IBM is strongly backing the EU’s Horizon 2020 project, which will run from 2014 to 2020 with a €20 billion budget and the aim of creating new growth and employment. IBM’s credibility as a player within the project includes its $60 billion investment in R&D worldwide since 2000, its 5k R&D staff in Europe, its well-established labs in Böblingen, Zurich and Hursley (as well as its Haifa and recently-opened Smart Cities lab in Dublin) and its software development labs in Prague, Hoisy-Le-Grand, Cork, Galway, Dublin, Rome, Krakow, Geneva and Manchester.
Rich’s presentation ended with his prediction that IBM’s Watson and developments in cognitive computing will come to Europe. We note that most developments to date have been US-based.
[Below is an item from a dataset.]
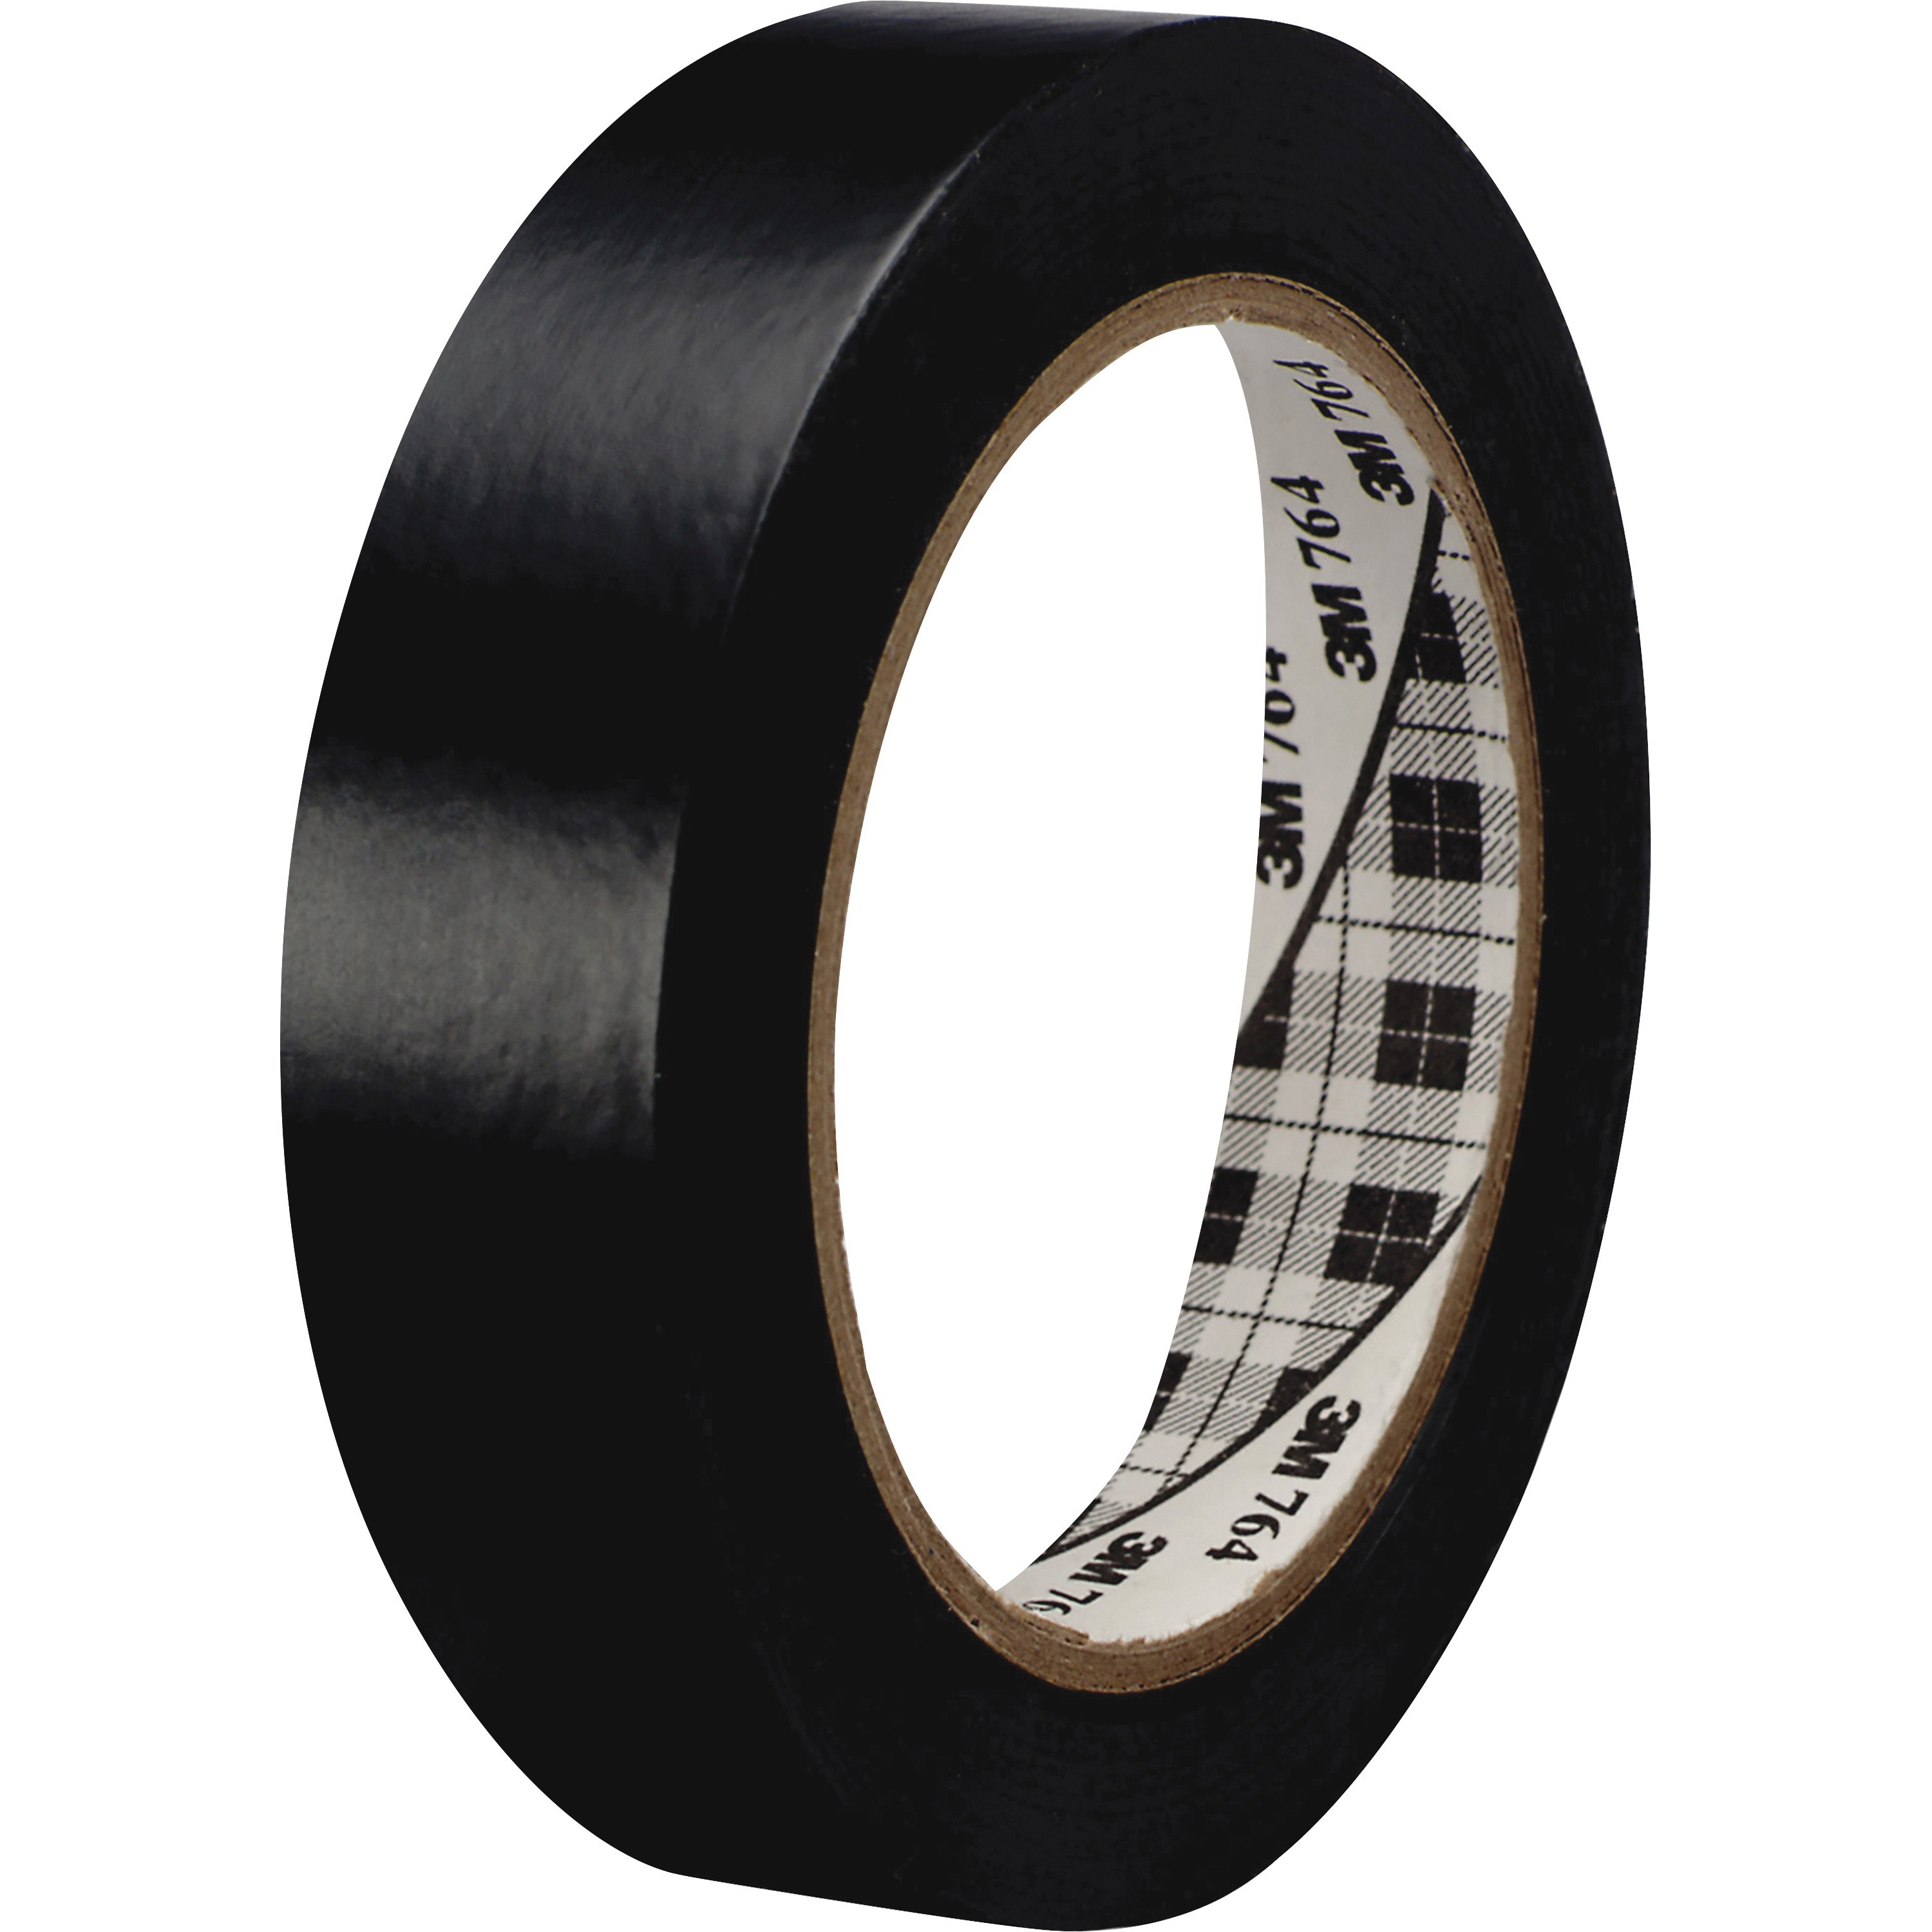 SKILCRAFT Dispensing Double-Sided Tape - Zerbee

Some Conclusions – IBM Is Well-Positioned For Withstanding The Euro Crunch Recession
IBM has succeeded in putting more of its resources in front of customers – a key aim of its decision to walk away from its Paris-based EMEA structure many years ago. Its decision to set up a Europe region with Rich at its head should help it improve its co-ordination of resources from its regional IOT structure, which we found difficult to understand. His presentation demonstrated however that IBM remains a top-down organisation and he was at pains to demonstrate the close fit between its global strategy and his regional implementation. We often think about the STG group in our research – but he reminds us of how Global Services have helped expand IBM’s relevance into new areas. Smarter everything, Analytics and Cloud are driven more by users’ business objectives than their technical choices – especially in Europe, where IT is often under-represented at the board level than in the US.
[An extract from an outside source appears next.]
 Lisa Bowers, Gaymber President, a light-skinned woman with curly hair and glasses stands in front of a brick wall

We don’t envy Rich’s job in 2013 because, despite IBM’s deep resources, experience and relevance, we’re in the middle of a difficult Euro Crunch recession. It will need to stress its ‘spend to save’ credentials to win business beyond the 5-year payback expected by Sunderland City Council.
It will no doubt take advantage of investment funds governments will make in economic growth (especially in its support for Horizon 2020 and its Smarter City activities): however these will be hard to find in 2013 as austerity and cuts continue in the attempt to beat down sovereign debt.
This was an impressive statement of direction, illustrating the fantastic consistency of IBM’s approach. As always we will be following how things go in 2013.